• **DATA SEGMENT**:
--
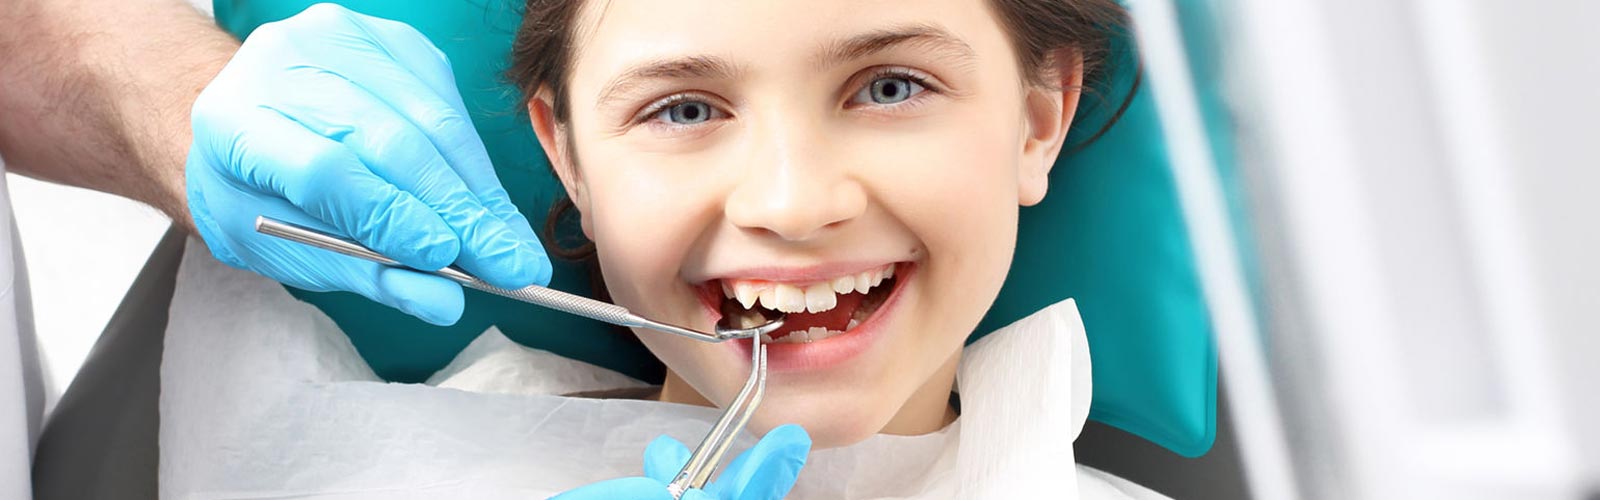 Centro Dental Roberto Cristóbal niña en odontología
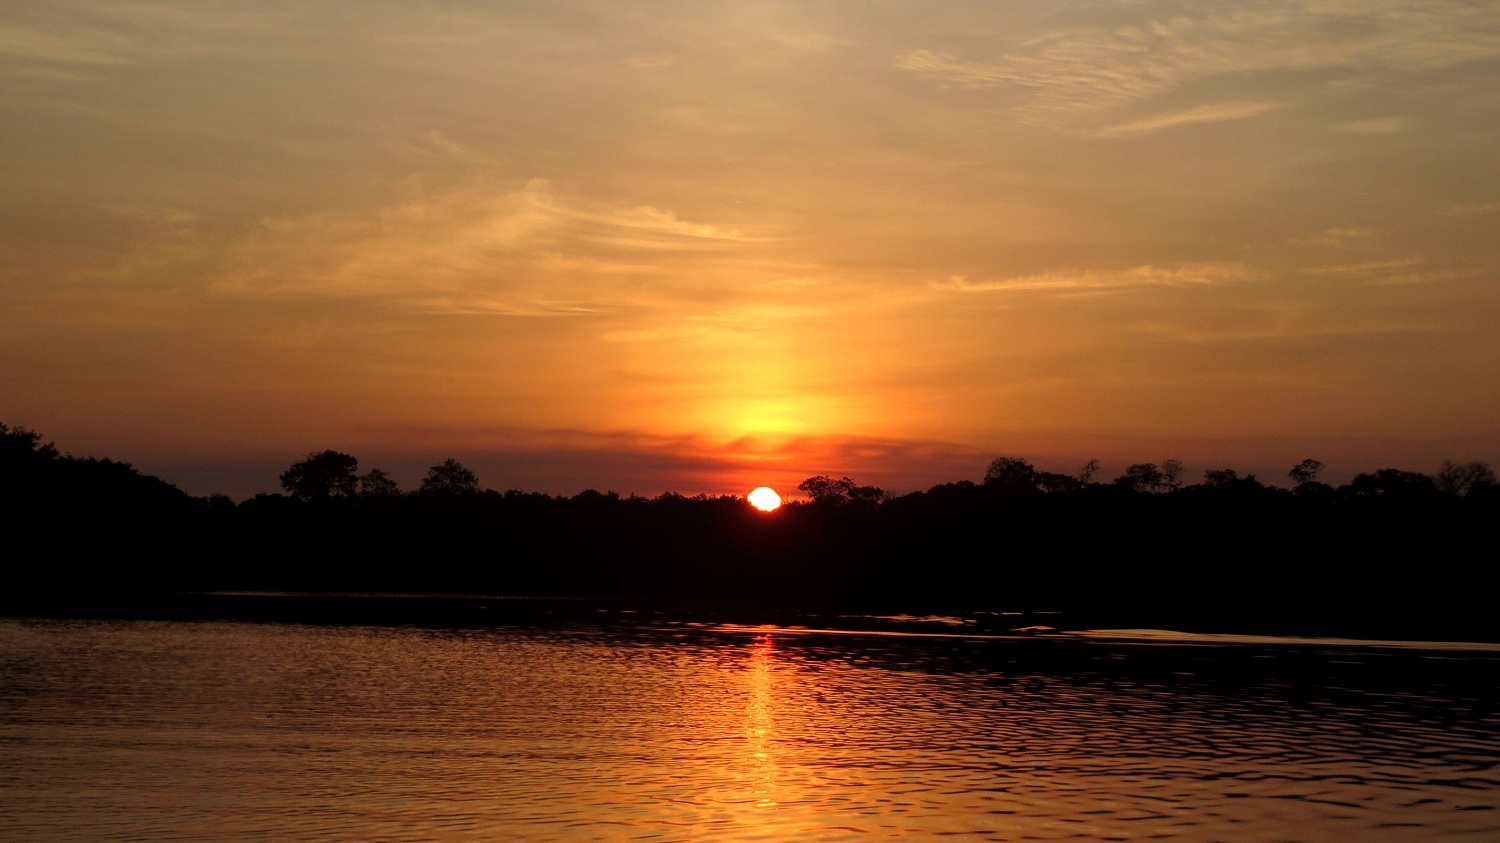 Imagem de um pôr-do-sol com as cores amarelo e laranja, ao fundo de um rio com águas escuras, onde se vê refletida a luz do sol.
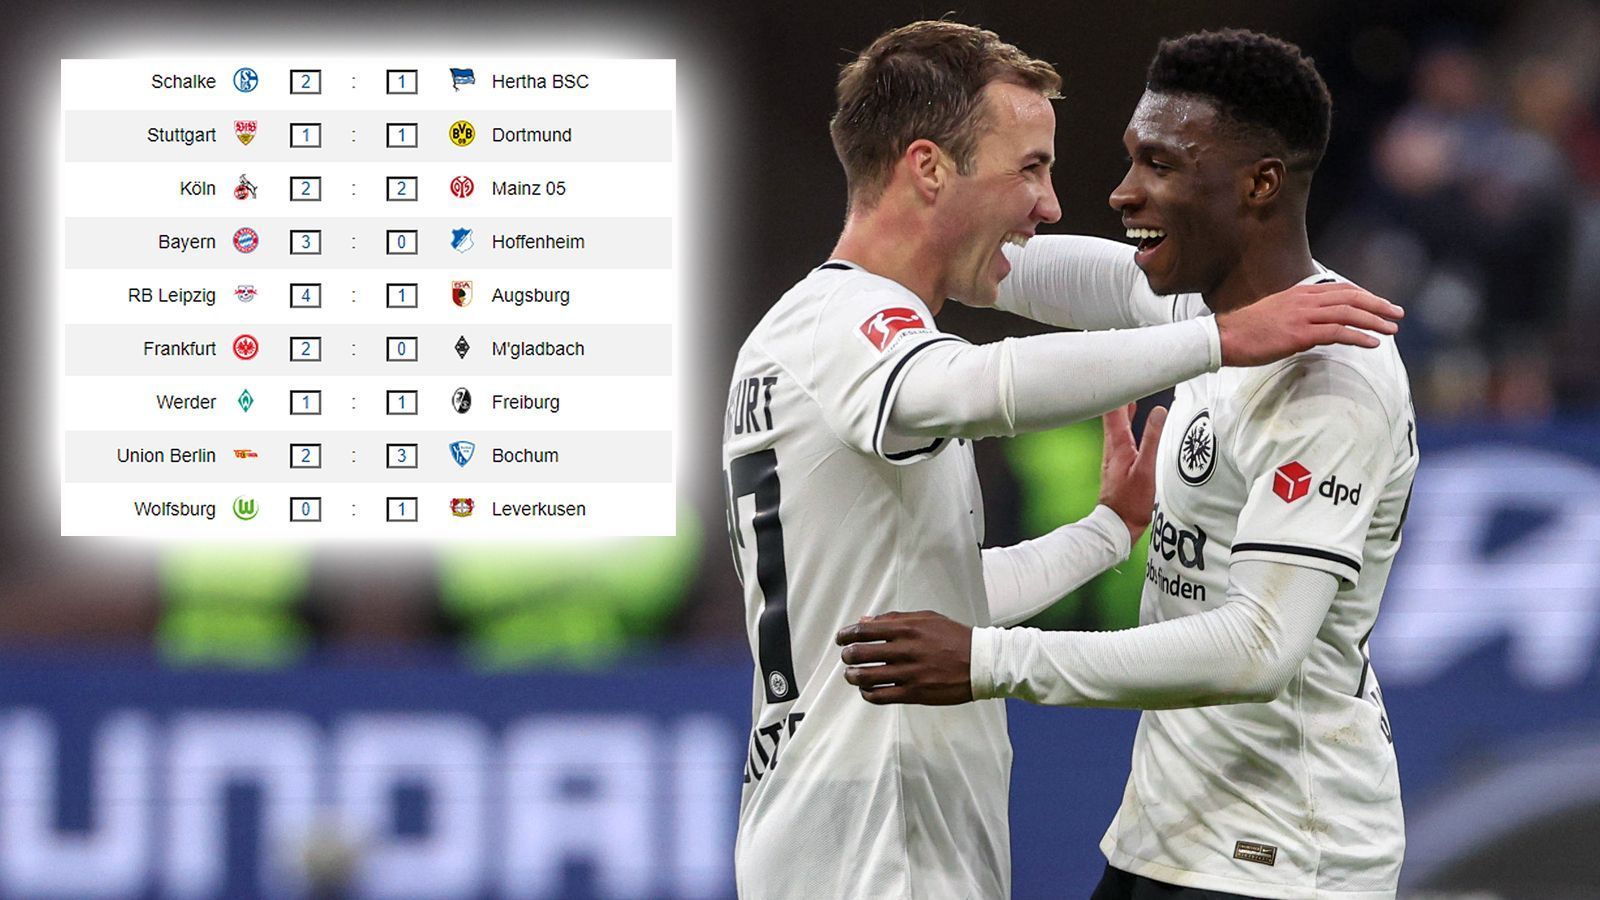 
                <strong>Ergebnisse 28. Spieltag</strong><br>
                Am 28. Spieltag sorgt Eintracht Frankfurt mit dem 2:0-Sieg über Gladbach dafür, dass die Europapokal-Hoffnungen neue Nahrung erhalten. Die Bayern lassen Hoffenheim hingegen keine Chance, während der BVB auch in Stuttgart wieder patzt.
--
• **TASK GOAL**: Go to the line above that contains "Imagem de um" and reproduce everything exactly from there through the line that contains "<strong>Ergebnisse 28. Spieltag</strong><br>", leaving out the pictures.

• **EXPECTED ANSWER**:
 Imagem de um pôr-do-sol com as cores amarelo e laranja, ao fundo de um rio com águas escuras, onde se vê refletida a luz do sol.
                <strong>Ergebnisse 28. Spieltag</strong><br>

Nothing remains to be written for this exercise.